### What you will do
Your response should consist of the entire listing, transcribed exactly, with every image left out.

### Given data
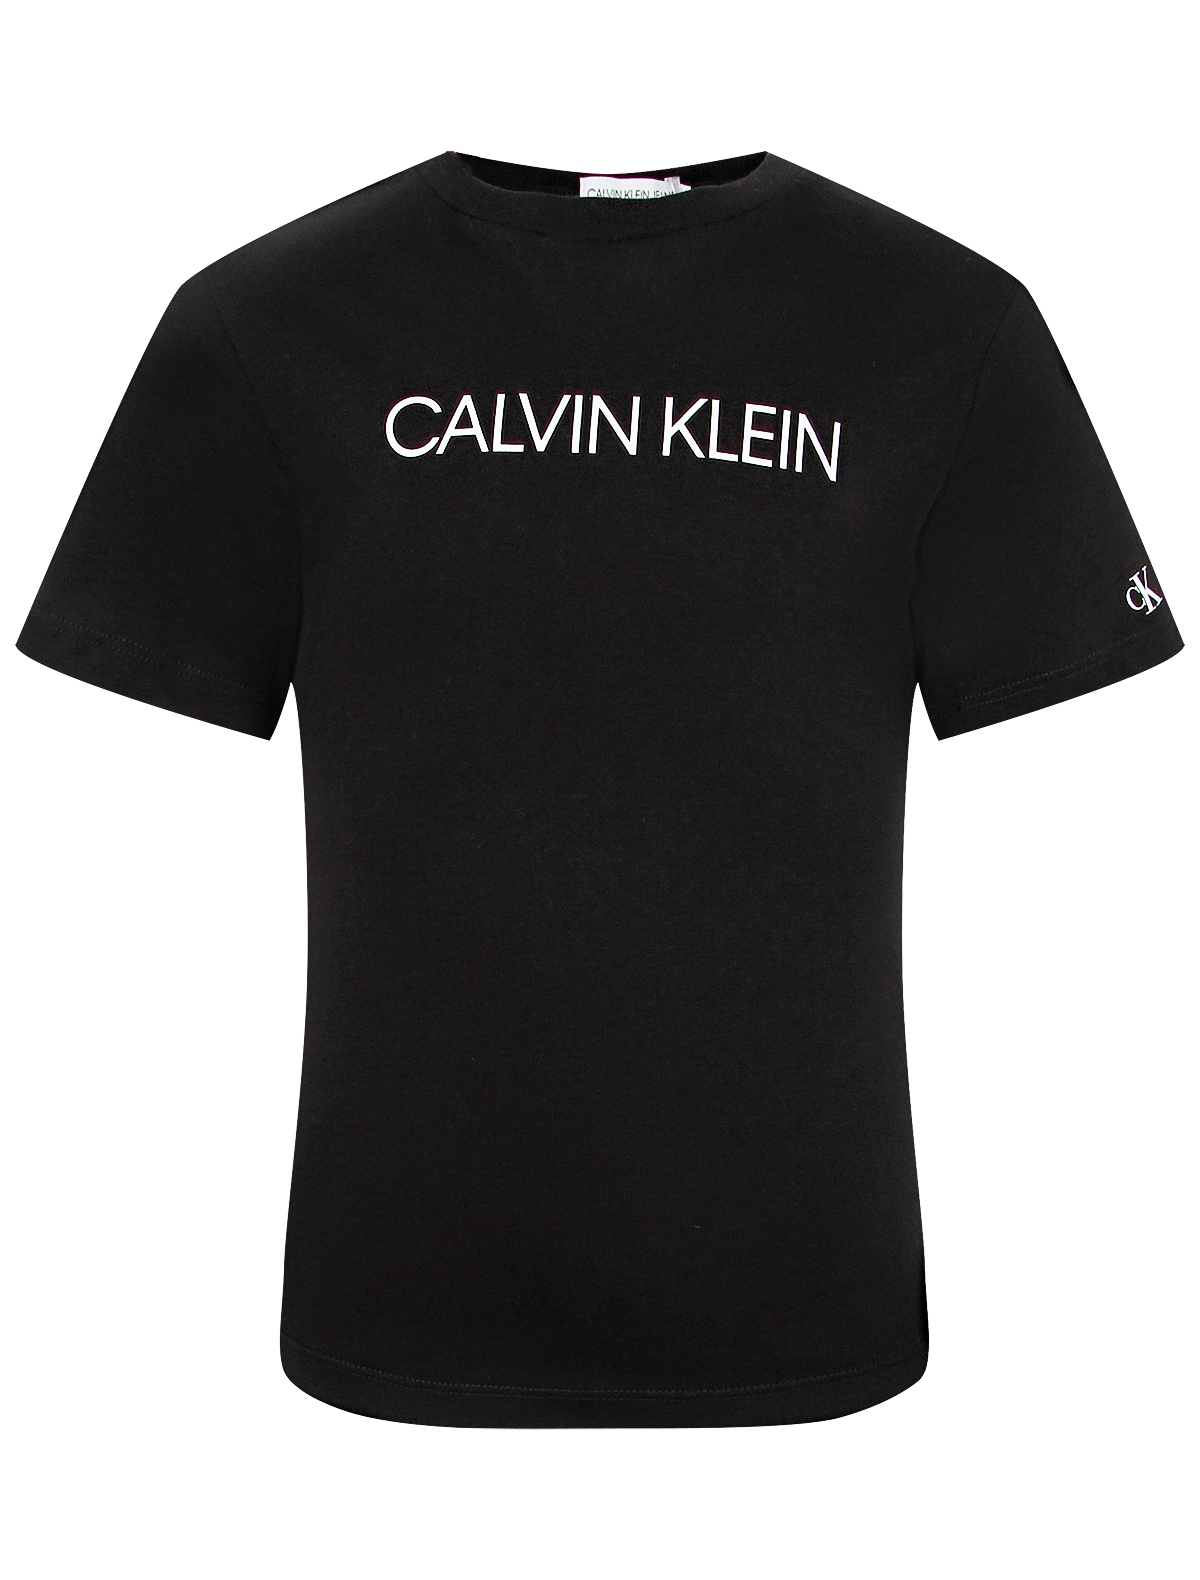 Футболки кельвин кляйн купить. Футболка Кельвин Кляйн джинс. Черная футболка Кельвин Кляйн. Кальвин Клейн футболка. Calvin Klein Jeans футболка мужская черная.
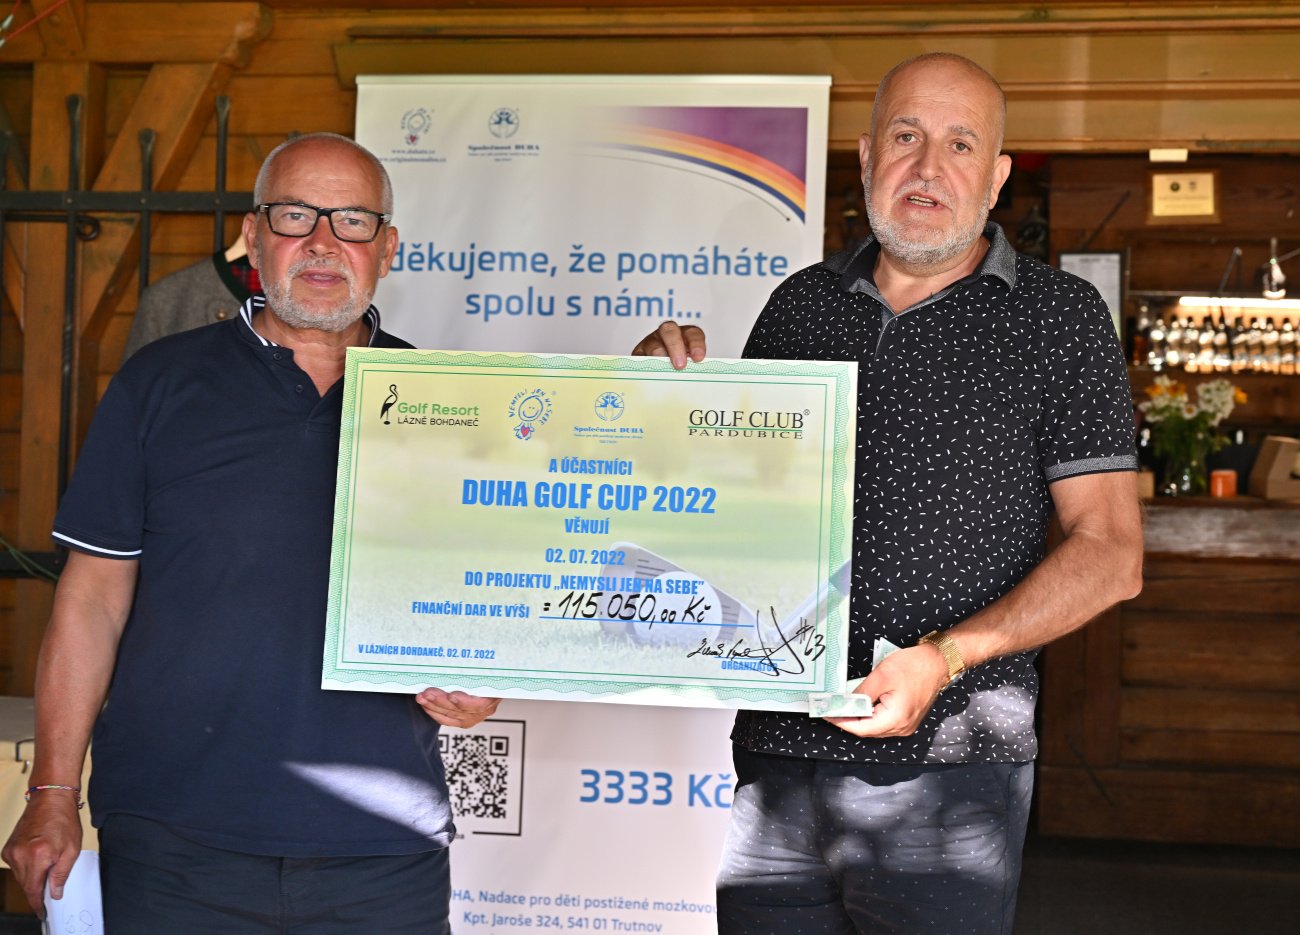 DUHA Golf Cup 2022
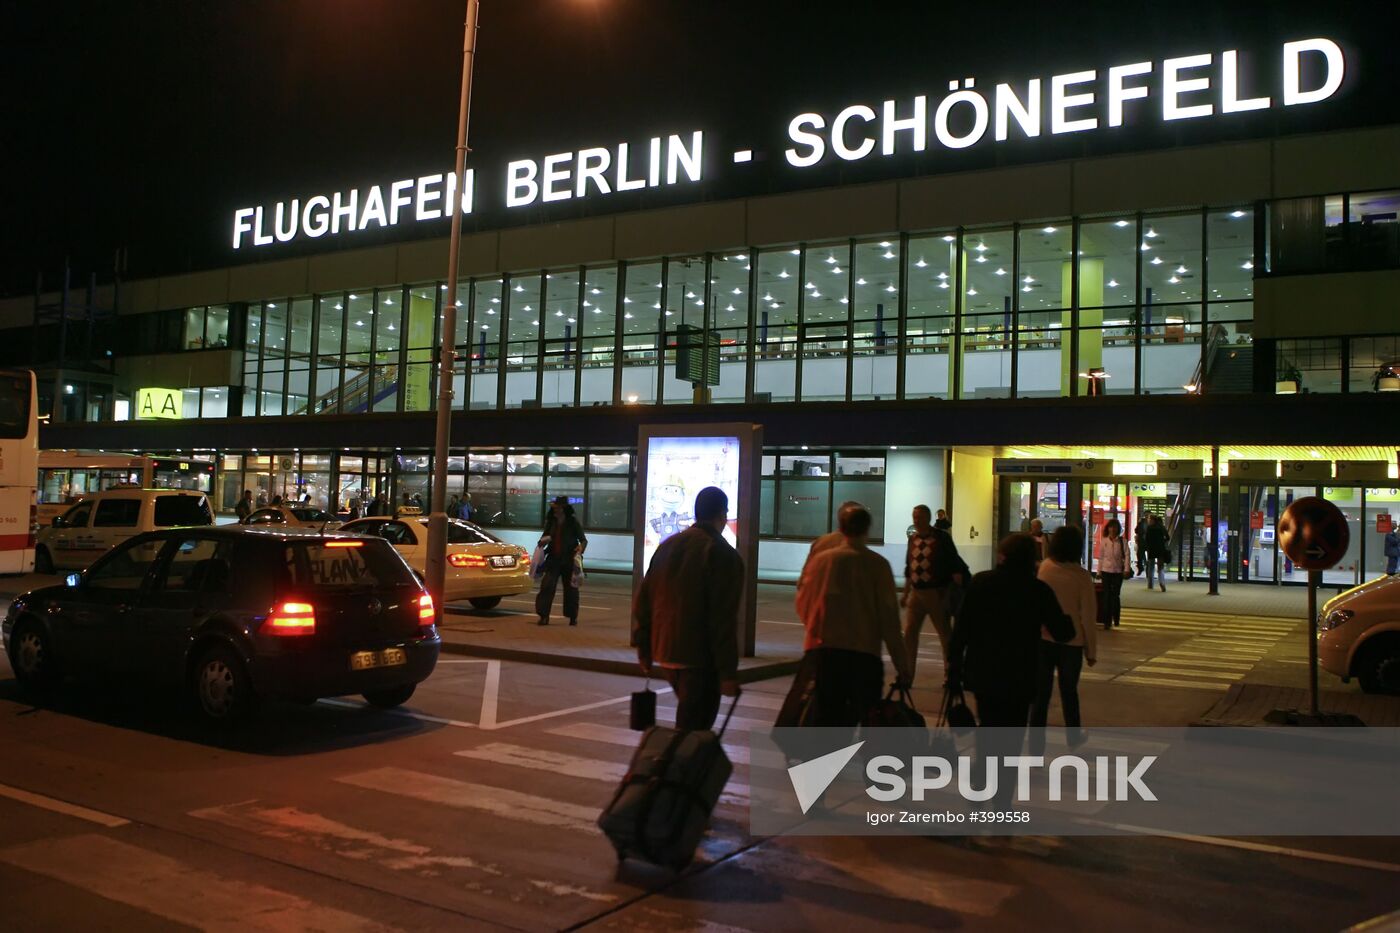 Schoenefeld international airport, Berlin
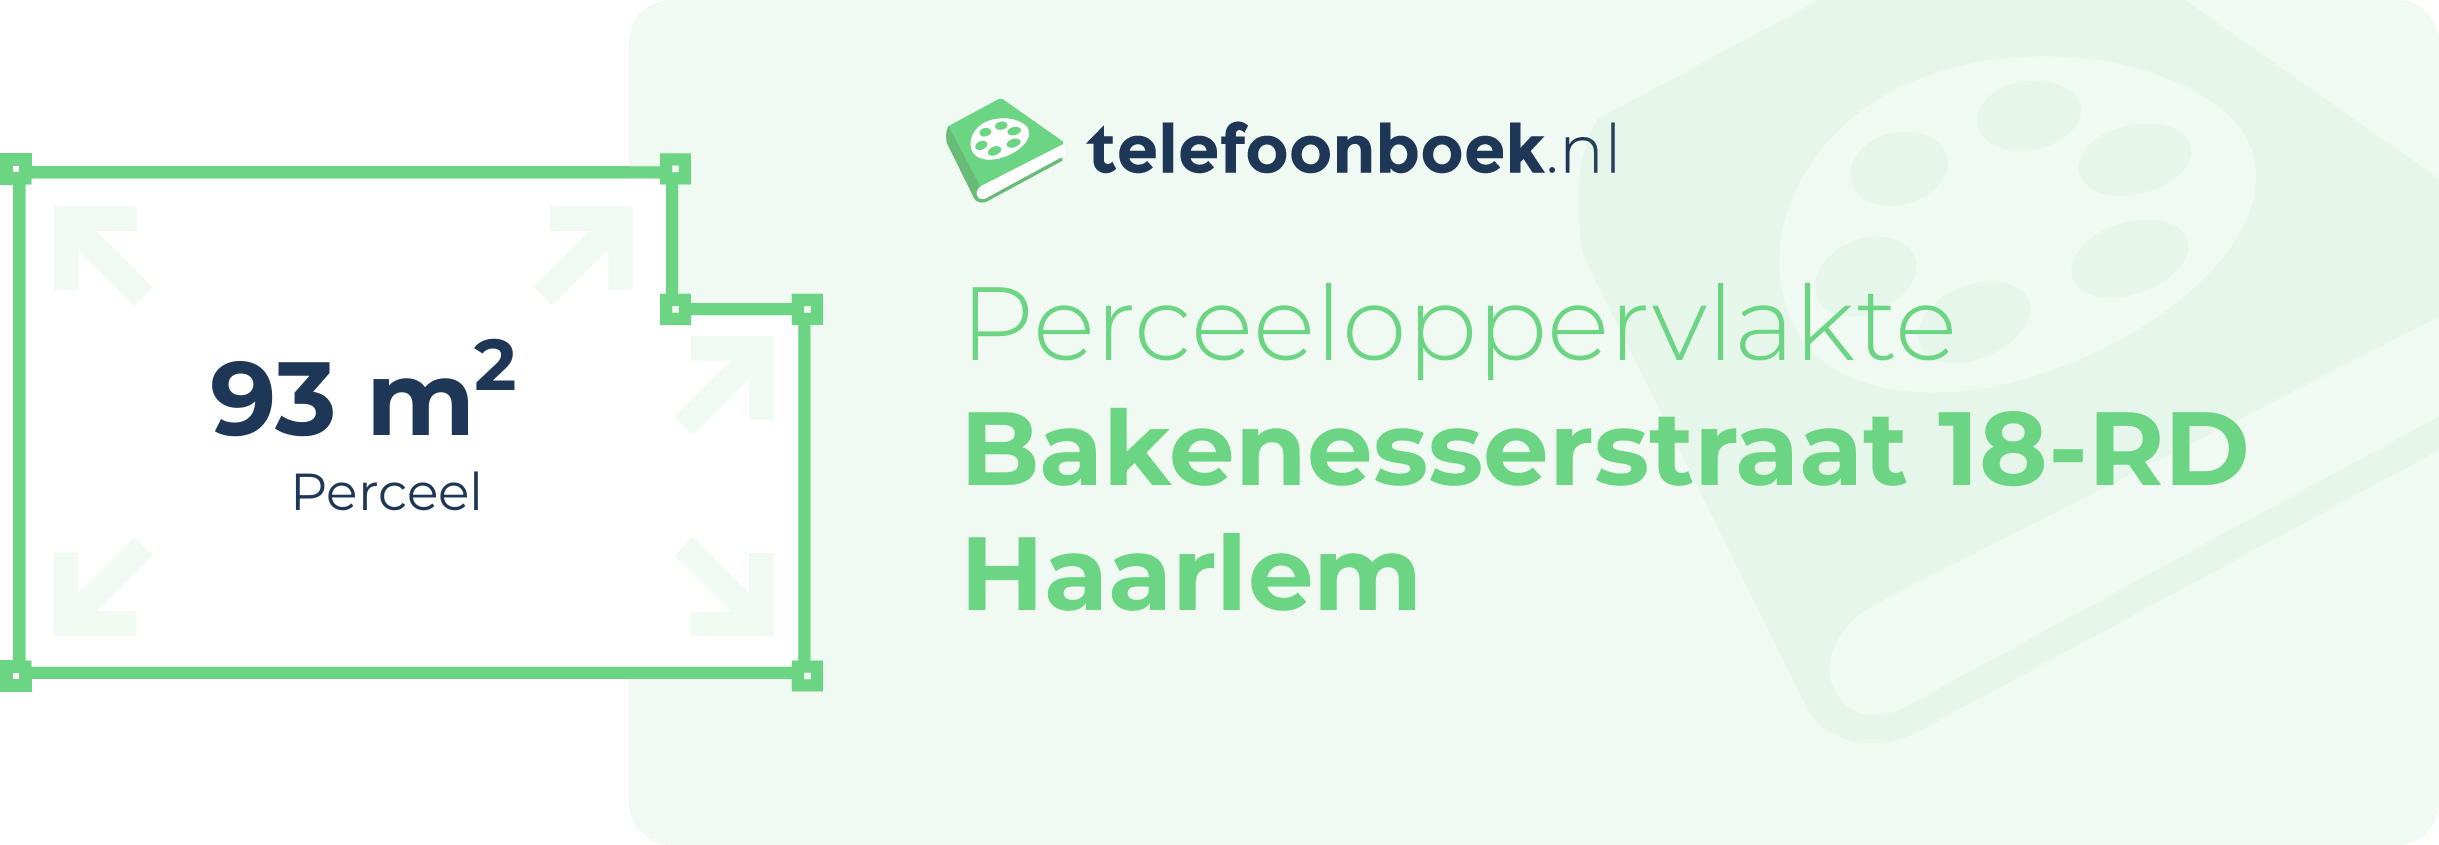 Perceeloppervlakte Bakenesserstraat 18-RD Haarlem

### Exercise response
 Футболки кельвин кляйн купить. Футболка Кельвин Кляйн джинс. Черная футболка Кельвин Кляйн. Кальвин Клейн футболка. Calvin Klein Jeans футболка мужская черная.
 DUHA Golf Cup 2022
 Schoenefeld international airport, Berlin
 Perceeloppervlakte Bakenesserstraat 18-RD Haarlem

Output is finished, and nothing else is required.